Combinatorial principal component analysis (cPCA)
Principles: We developed an multi-phenotype approach called combinatorial PCA (cPCA) to identify combinations of biomarkers that collectively offer improved discriminatory power in disease classification compared to individual biomarkers alone. In cPCA, various combinations with varying numbers of biomarkers are generated from a fixed set of input biomarkers. The number of possible combinations generated can be calculated as .The first principal component, denoted as CP, is then extracted to represent each combination. CP serves as a comprehensive biomarker signature, representing the maximum variance direction within the biomarker combination. Finally, the performance of each CP in disease classification is evaluated and compared to that of single biomarkers.
Implementation Details: To systematically explore and identify potential superior components for CKD classification beyond conventional biomarkers, we applied cPCA to a set of 21 CKD-related phenotypes. Initially, we generated 2,097,130 unique combinations out of the 21 phenotypes. These combinations encompassed all possible subsets of the 21 phenotypes with varying numbers, ranging from 2 to the complete set of 21. For each combination, we extracted the first principal component as CP, resulting in 2 million CPs.

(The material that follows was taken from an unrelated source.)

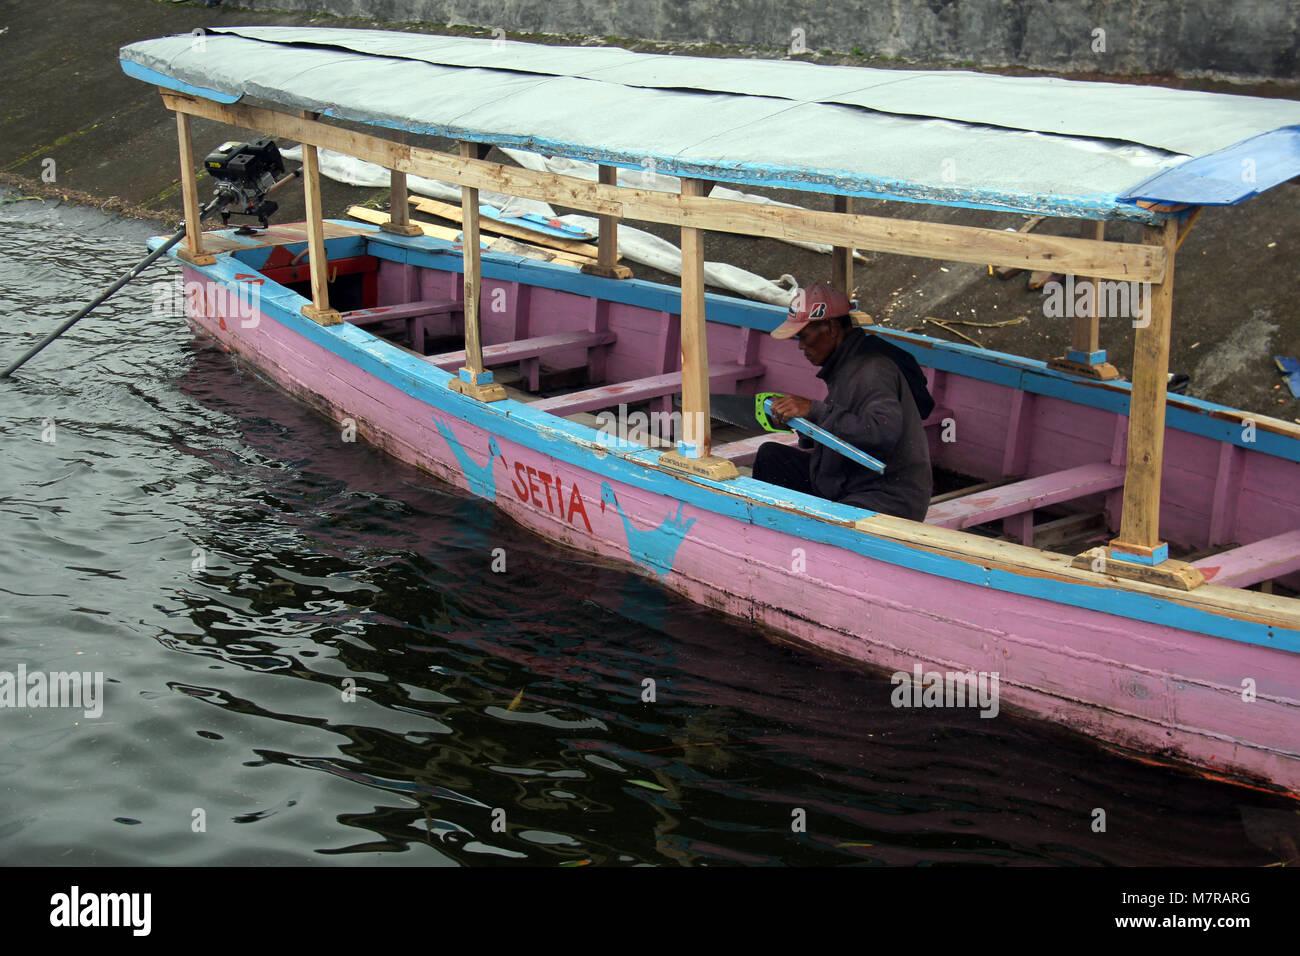 Repairing Wooden Boat Stockfotos & Repairing Wooden Boat Bilder - Alamy

Here, we only select the first principal component (PC1) because of several reasons. First, PC1 represents the direction of maximum variance within the biomarker combination, capturing the most substantial and dominant patterns of variability in the data. In disease classification, capturing this primary variance is crucial, as it likely reflects the strongest underlying biological signals linked to disease risk. Higher-order principal components (e.g., PC2, PC3) often capture less significant variance, which may be more influenced by noise, measurement error, or irrelevant biological variation. By focusing on PC1, we emphasize the most reliable signal, which could improve the robustness of the disease classification model. Additionally, by reducing the dimensionality to PC1, the method simplifies the analysis, making it computationally more efficient, especially when the number of generated combinations is large.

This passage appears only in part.